As always, Festival goers also can choose from a variety of additional programming, such as celebrity guest events, special screenings, spotlight films, sidebars, international showcase, Florida films, family films, midnight movies, parties, avant garde films, and the popular film forums offered free to the community.

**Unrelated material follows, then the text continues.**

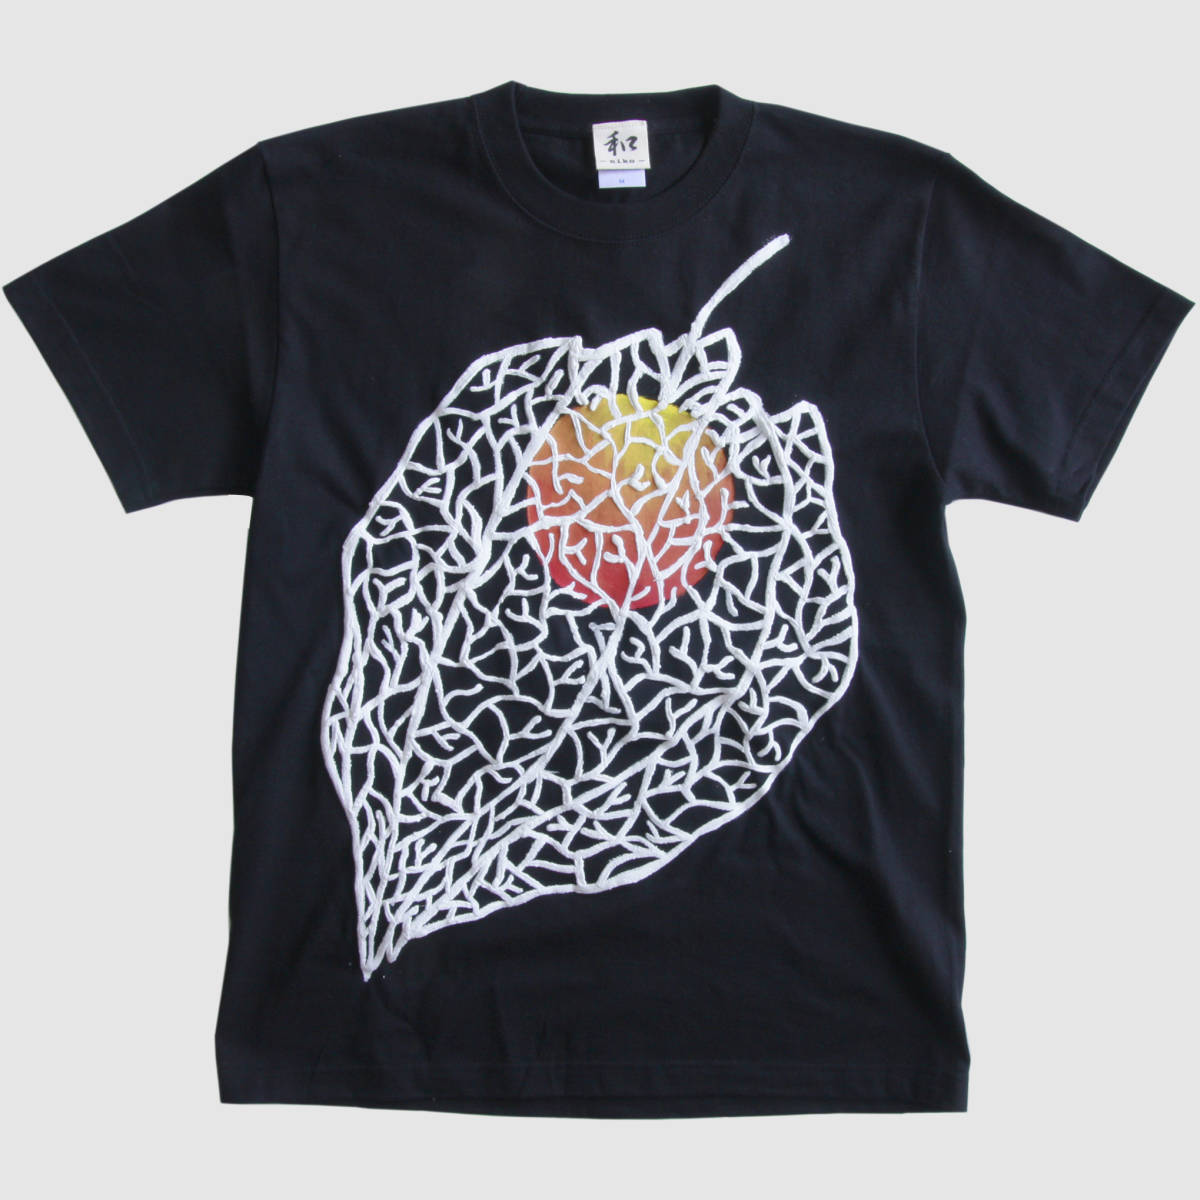 T-shirt Homme taille XXL noir motif Hozuki T-shirt motif Physalis tridimensionnel dessiné à la main T-shirt Fête des Pères Plant Art Handmade motif japonais, Taille XL et plus, col rond, à motifs

Some upcoming highlights from this year’s Festival:

Woman in Motion. Photo courtesy of Florida Film Festival.
  • Opening Night Film and Party, April 12. Held at Enzian Theater, the opening night film Woman in Motion, is a first look at the documentary by director Todd Thompson about Star Trek actress Nichelle Nichols’s tremendous influence in recruiting women and minorities to the field of space exploration. The film also screens at Regal Winter Park Village at 8:00 p.m. for $25.00 a ticket.
  • Food Film Sidebar with the narrative feature Ramen Shop (directed bv Eric Khoo) and the documentary Chef’s Diaries: Scotland (directed by Laura Otalora).
Minuscule–Mandibles from Far Away. Photo courtesy of Florida Film Festival.
  • Family Film Sidebar with two features for children making their Southeast premieres. Minuscule—Mandibles from Far Away, and animated adventure directed by Helene Giraud, and the live action feature film, The Witch Hunters directed by Rasko Miljkovic.
  • Festival Block Party sponsored by Winter Park Village. Saturday, April 13 from 3:00 p.m. – 5:00 p.m. at Regal Winter Park Village in Winter Park. Free for all Festival ticket and pass holders. Meet at the Winter Park Village fountain for live entertainment and free drinks and appetizers from participating restaurants.
The Blair Witch Project. Photo courtesy of Florida Film Festival.
  • Sunday, April 14 from 8:00 p.m. – 10:30 p.m., Enzian Theater will host “An Evening with The Blair Witch,” featuring a 35mm screening of the low-budget thriller and a Q&A session with members of the cast and crew.
  • Enzian Theater hosts three filmmaker forums: “Turning the Tables: Renegade Women of Early Cinema” on Wednesday, April 17, 11:00 a.m. – 12:30 p.m.; “Sketches Insane: The Wild World of Independent Animation” on Thursday, April 18, 11:00 a.m. – 12:30 p.m.; and “Filmmaker Forum” on Friday, April 19, 11 a.m. – 12:30 p.m.
Monty Python’s Life of Brian. Photo courtesy of Florida Film Festival.
  • Closing Night Retro Film: Monty Python’s Life of Brian (directed by Terry Jones). This R-rated comedy classic from 1979 is in English and Latin with English subtitles. Sunday, April 21 at 8:30 p.m. at Enzian Theater.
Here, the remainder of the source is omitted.